**Your objective:** A verbatim repetition of the data below is requested, without images.

**Data excerpt:**
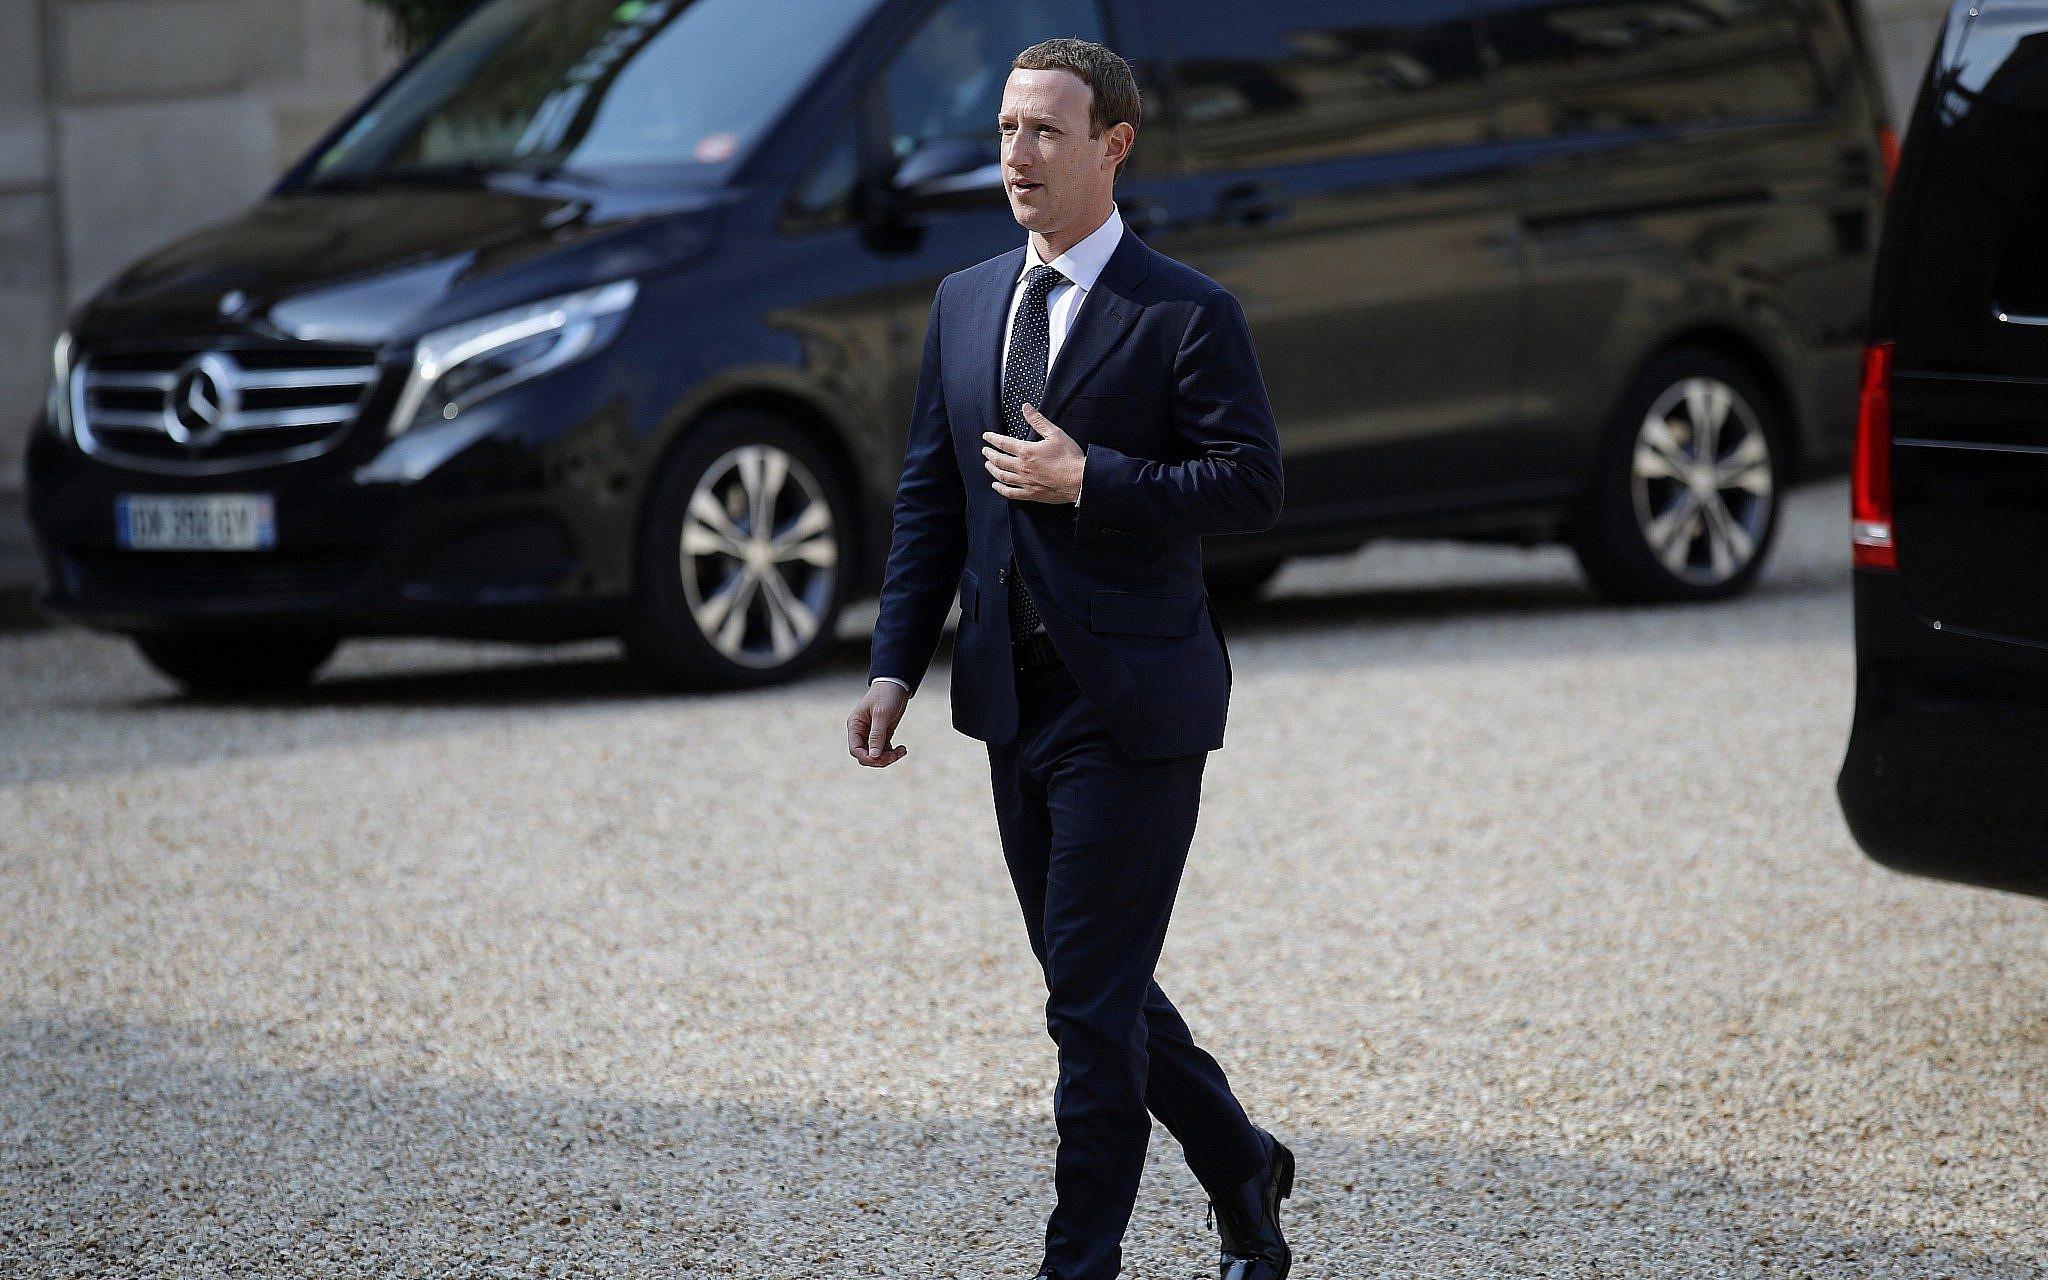 Parliament seizes cache of Facebook documents in 'unprecedented move'
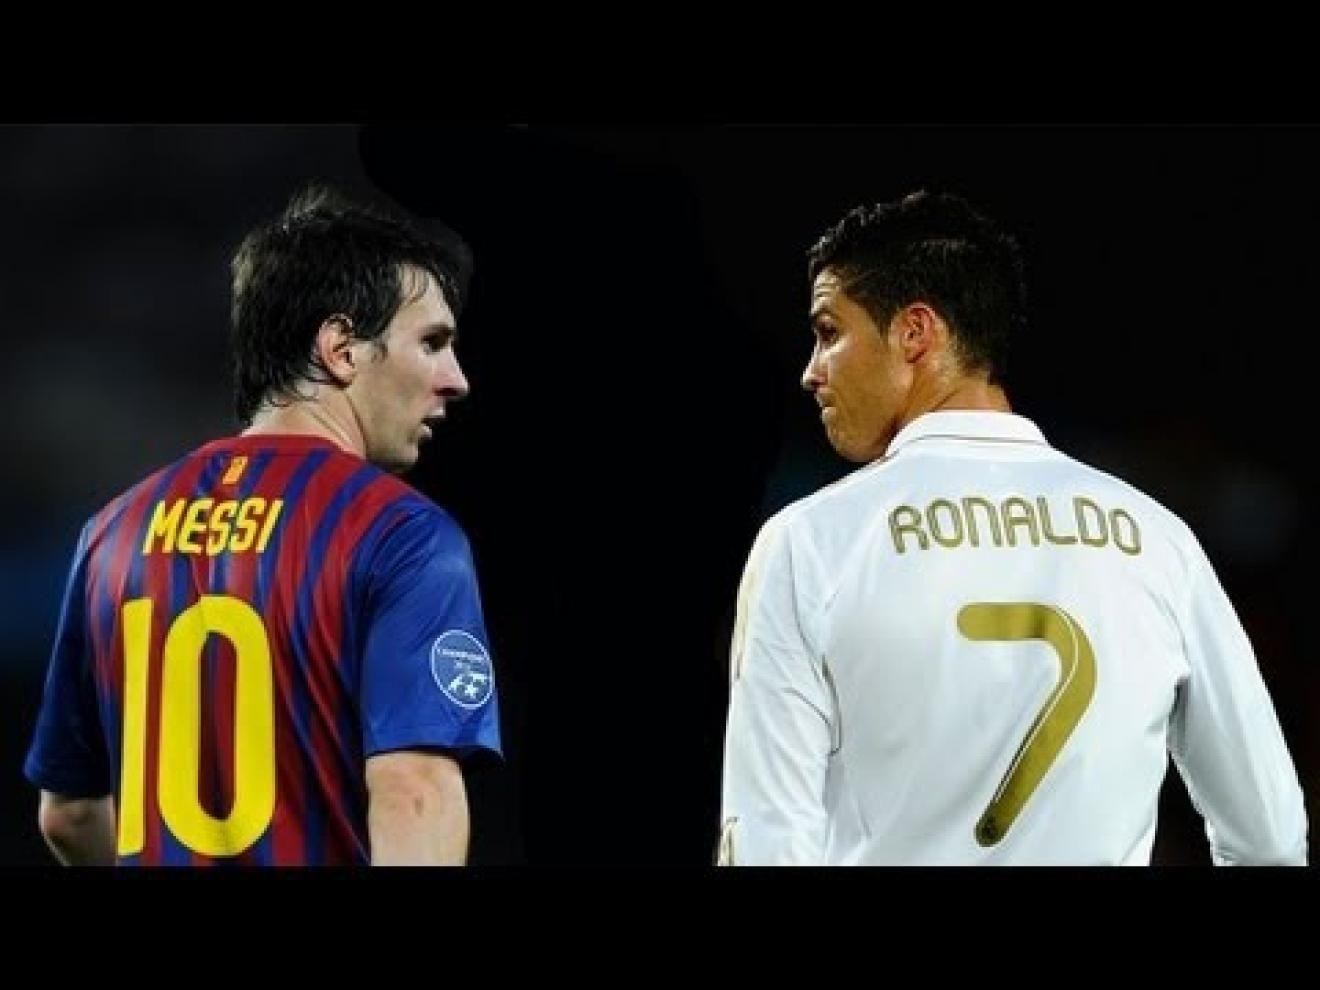 Ronaldo Will Surpass Messi Http Www Tsmplug Com Football
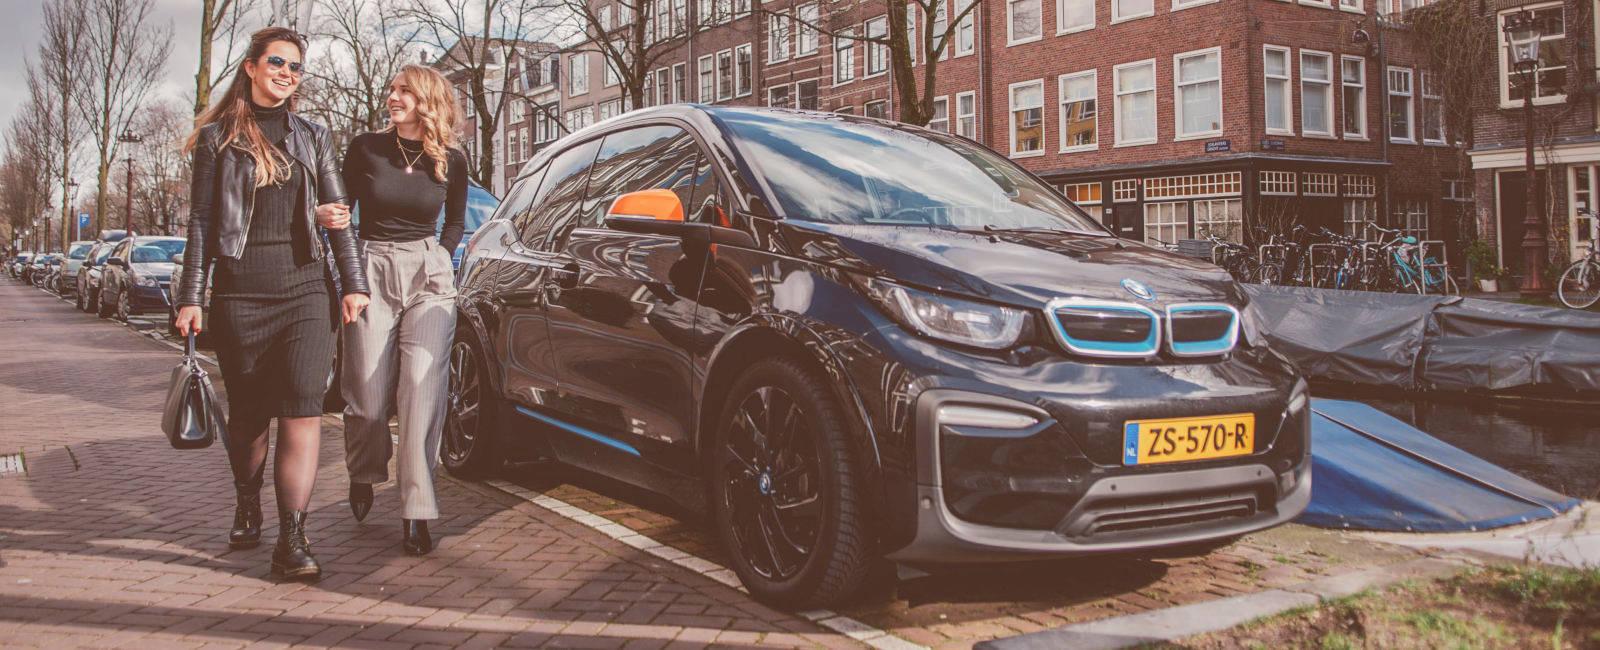 sixt share carsharing amsterdam 1
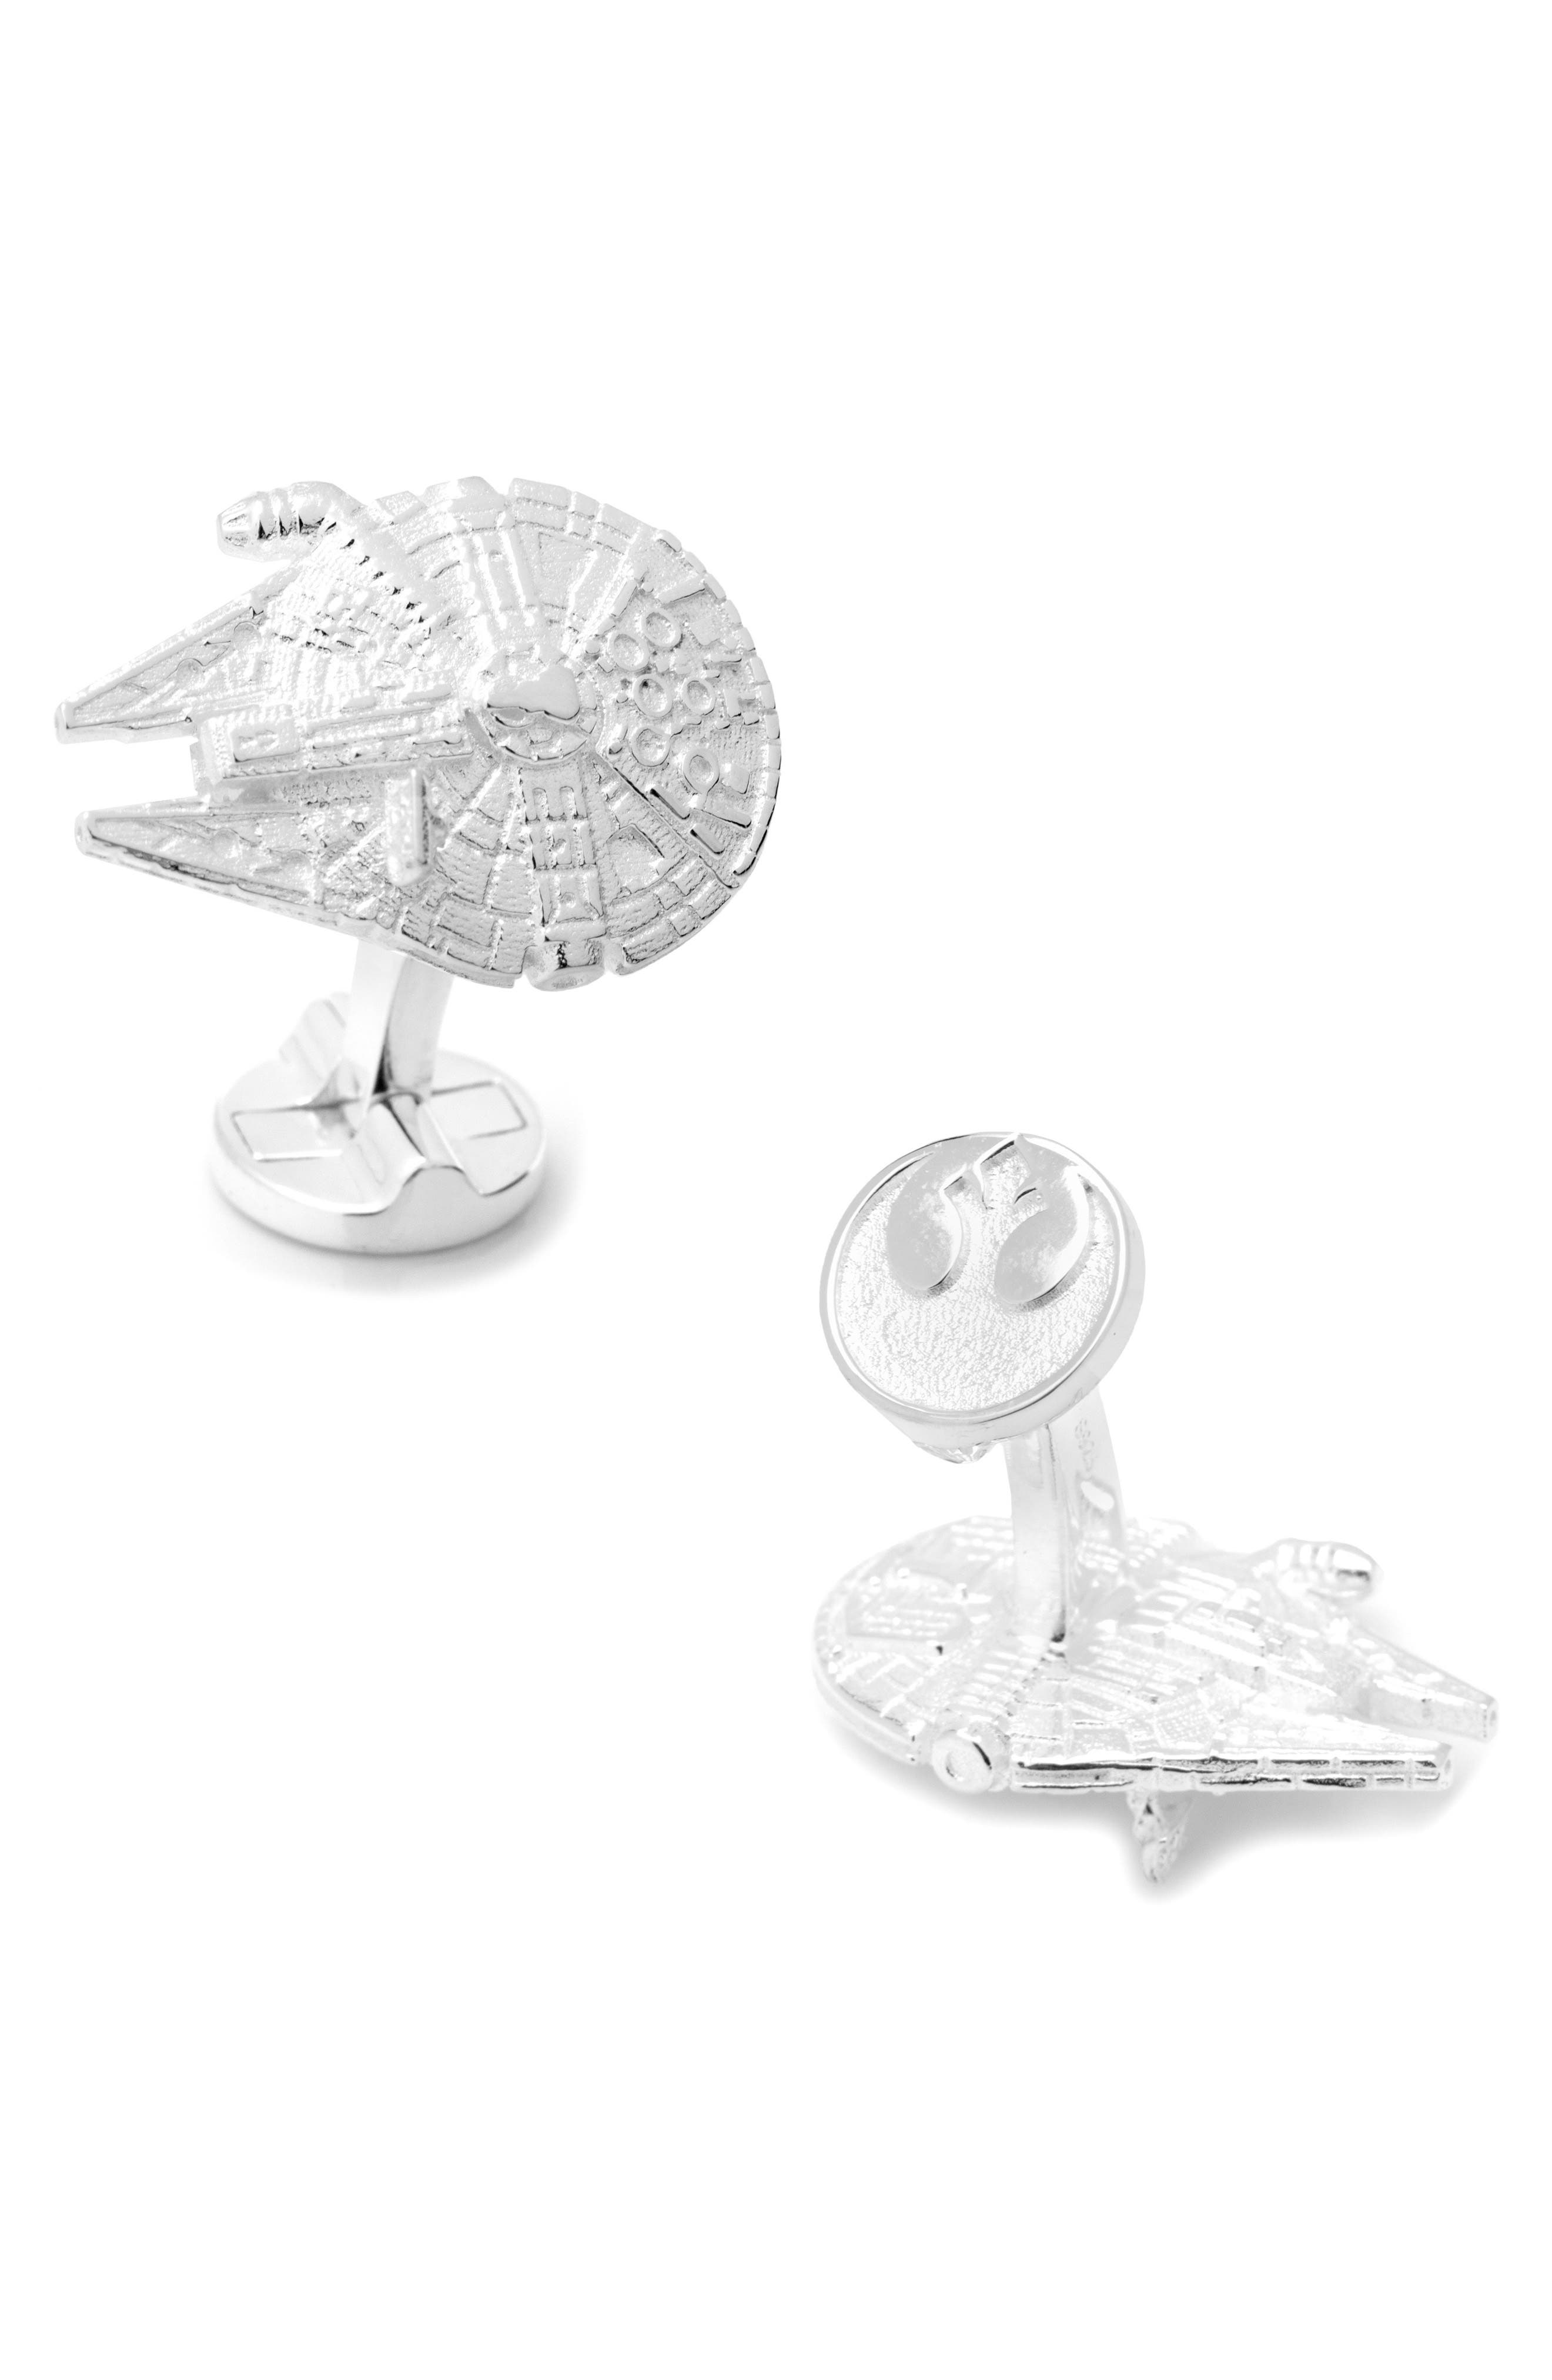 Star Wars<sup>™</sup> Millennium Falcon Cuff Links,                         Main,                         color, SILVER

**Task response:**
 Parliament seizes cache of Facebook documents in 'unprecedented move'
 Ronaldo Will Surpass Messi Http Www Tsmplug Com Football
 sixt share carsharing amsterdam 1
 Star Wars<sup>™</sup> Millennium Falcon Cuff Links,                         Main,                         color, SILVER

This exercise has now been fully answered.